Compensation Committee Charter 



The purpose of the Compensation Committee (“Committee”) of the Board of Directors (“Board”) of Synovus Financial Corp. (“Company”) shall be:


·         to discharge the Board’s responsibilities relating to the compensation of the Company’s executives; and


·         to produce an annual report on executive compensation for inclusion in the Company’s proxy statement.




The Committee shall be composed of three or more members of the Board, each of whom is determined by the Board to be independent as defined by the New York Stock Exchange (“NYSE”) Listing Standards.  The members of the Committee and the Committee Chair shall be appointed, and may be replaced, by the Board taking into consideration the recommendation of the Corporate Governance and Nominating Committee of the Board.  Committee members shall serve until they are replaced, they resign, or their successors are duly elected and qualified.




The Committee shall meet as often as the Committee considers appropriate, but no fewer than two times annually.  The Committee Chair will report the highlights of Committee meetings to the full Board at the Board’s next regular meeting.  Except to the extent prohibited by NYSE rules or other application law or regulation, the Committee may delegate matters within its power and responsibility to individuals or subcommittees when it deems appropriate.




The Committee shall have the sole authority to retain and terminate any compensation consulting firm used to assist it in the evaluation of CEO or senior executive compensation, including the sole authority to approve the firm’s fees and any other terms of retention.  In addition, the Committee shall have the authority to retain, and to approve the fees payable to, outside counsel and any other advisors as the Committee may deem appropriate in its sole discretion.

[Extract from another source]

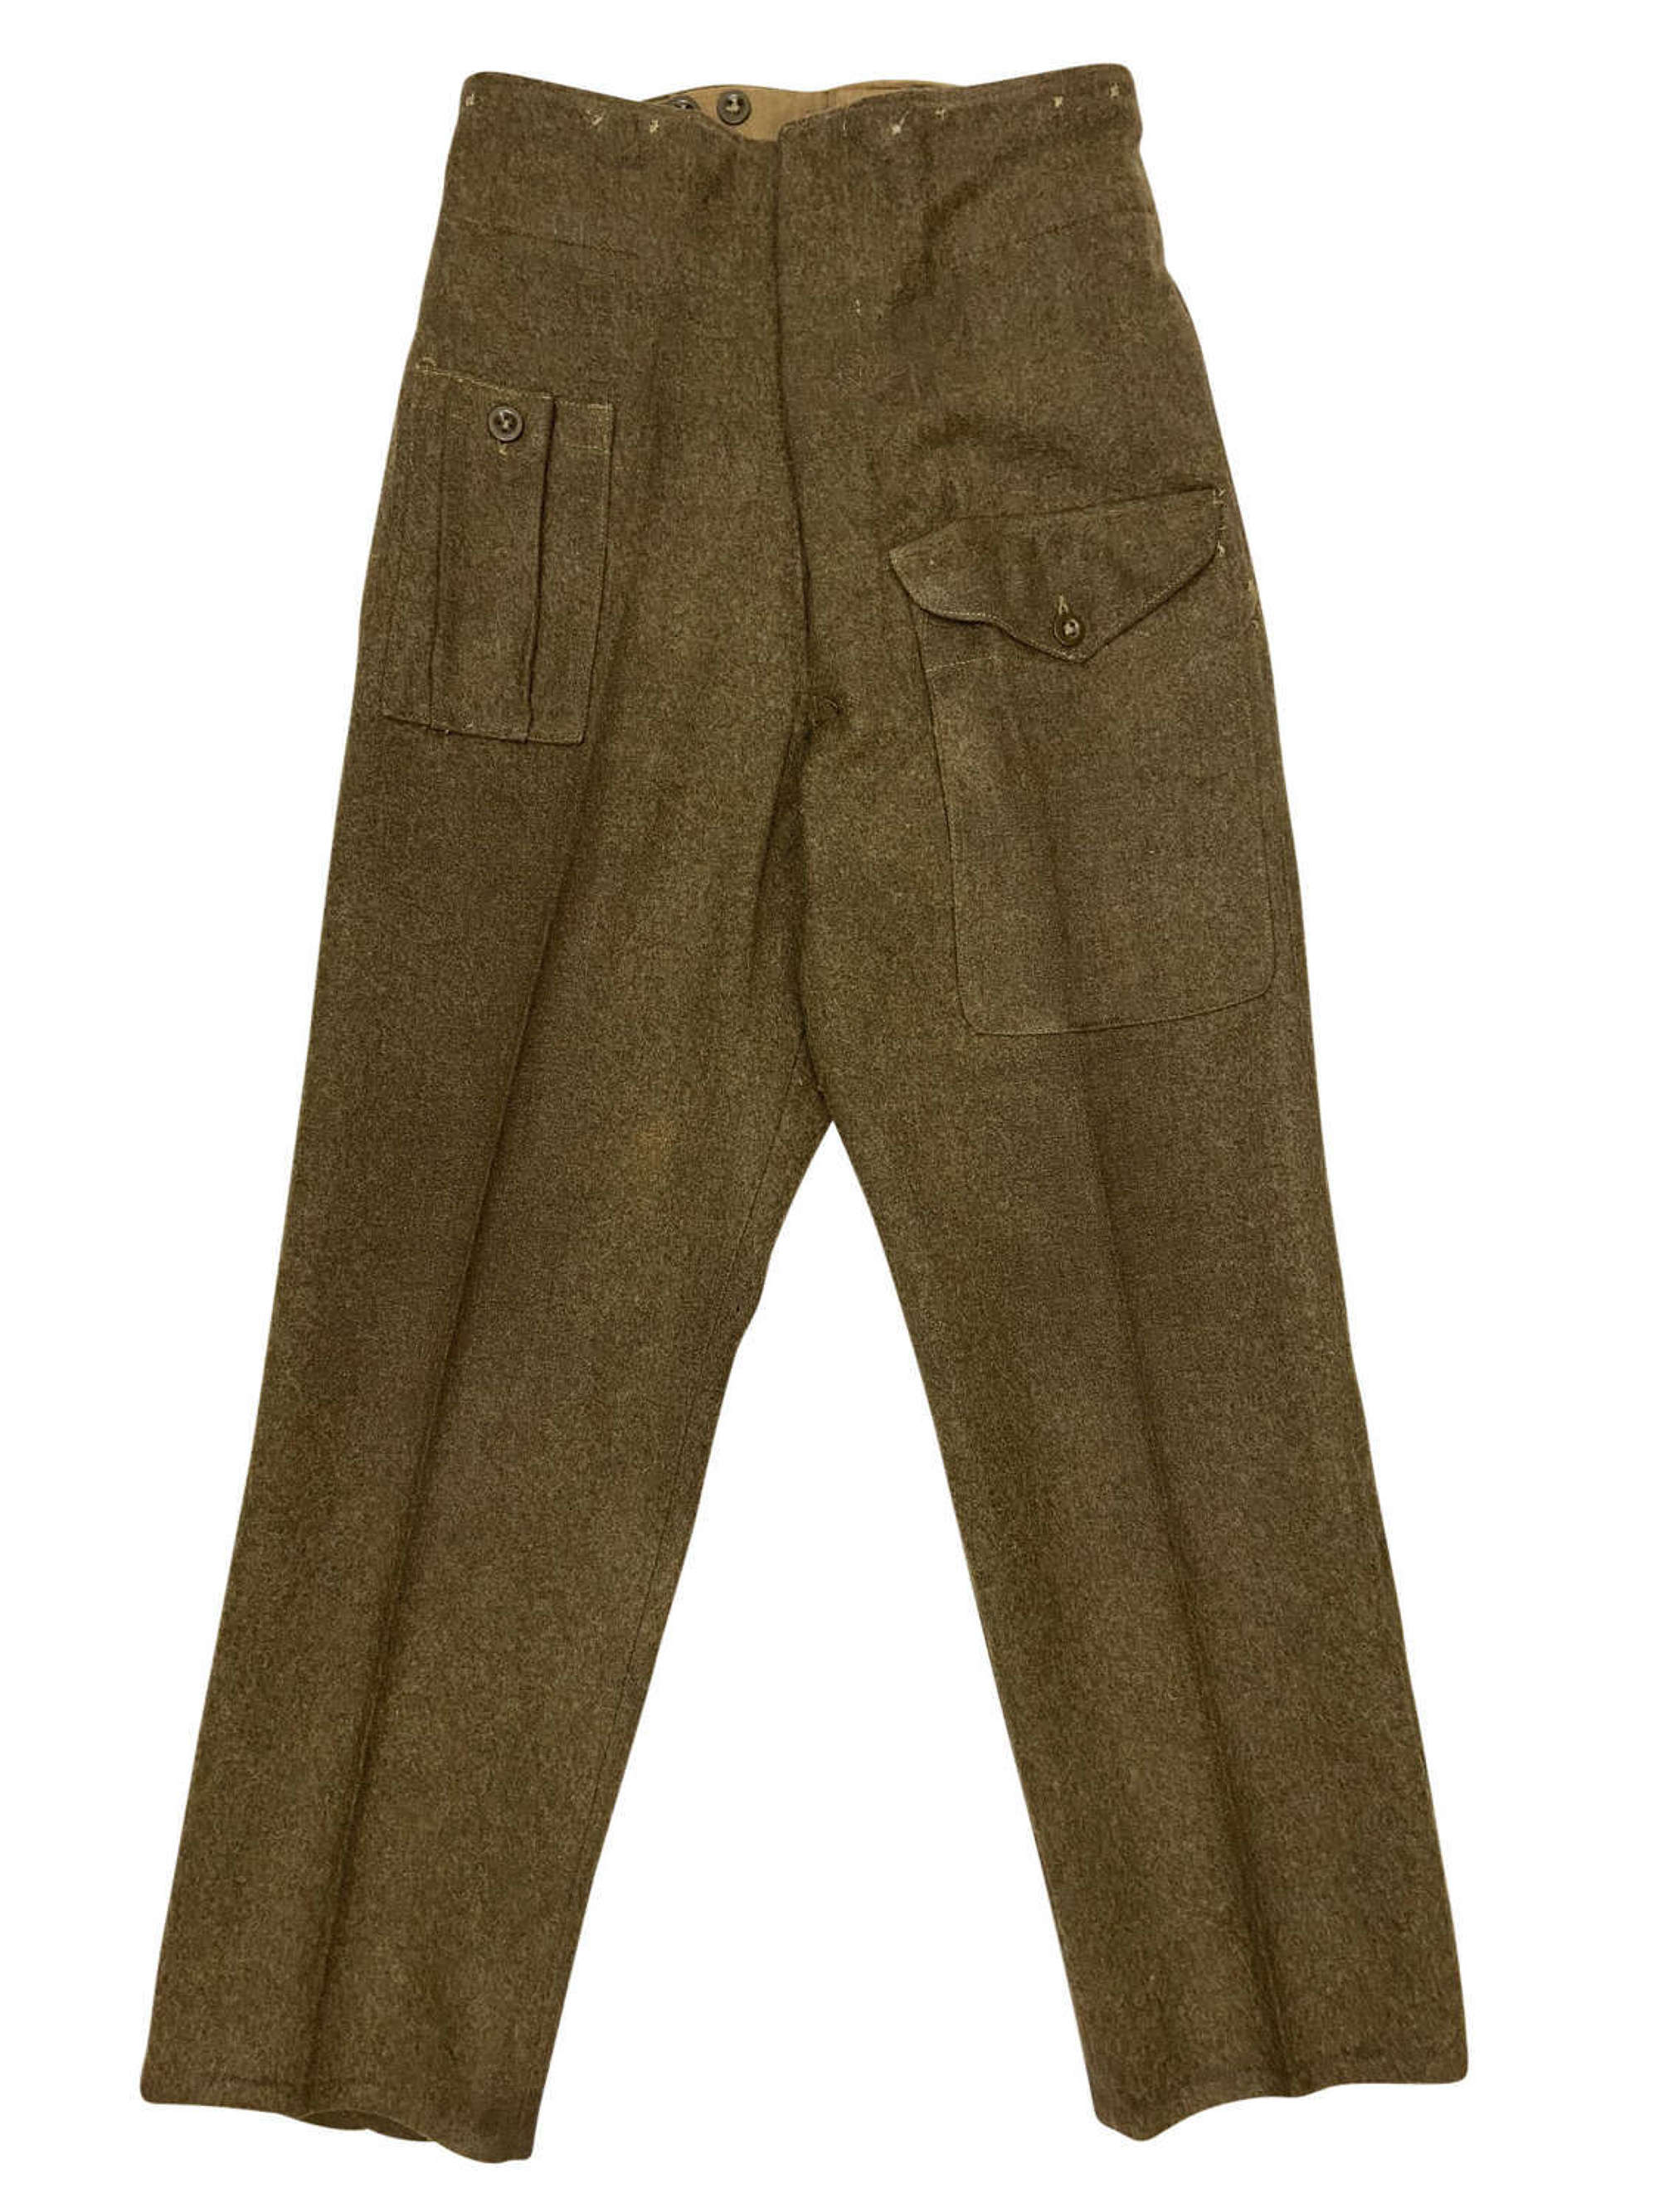 Original 1946 Pattern Battledress Trousers Dated 1947 Size 1

The Committee shall have the following duties and responsibilities:


·         Review and approve annual corporate goals and objectives relevant to CEO compensation, evaluate the CEO’s performance in light of those goals and objectives, and have sole authority to determine the CEO’s compensation level based on this evaluation.  In determining the long-term incentive component of CEO compensation, the Committee will consider the Company’s performance and relative shareholder return, the value of similar awards to CEOs at comparable companies, and the awards given to the Company’s CEO in past years;


·         Report the results of annual performance evaluation of the CEO at an executive session of non-management directors;


·         Establish overall corporate philosophy and design long-term strategies for executive compensation programs of the Company, including executive salary structure and short-term and long-term incentive programs;


·         Make recommendations to the Board with respect to non-CEO executive officer compensation, and incentive-compensation plans, and equity based plans that are subject to Board approval;


·         Review and provide approval of management’s recommendations for compensation amounts for all executive officers of Company, including base salary amounts and short-term and long-term incentive compensation payments and awards (including, without limitation, establishment of performance goals under incentive compensation plans);


·         Produce an annual report on executive officer compensation for inclusion in Company’s proxy statement;


·         Provide oversight of overall corporate philosophy and structure of compensation programs of the Company;


·         Review and provide approval of overall Company expenditures for compensation on an annual basis;


·         Ensure that the CEO discuss on an annual basis the Company’s management development and executive succession activities at an executive session of non-management directors;


·         Review and reassess this charter on a periodic basis and recommend any proposed changes to the Board; and


·         Undertake from time to time additional activities within the scope of the Committee’s charter as it may deem appropriate.




The performance of the Committee shall be evaluated annually, including a review of the compliance of the Committee with the charter.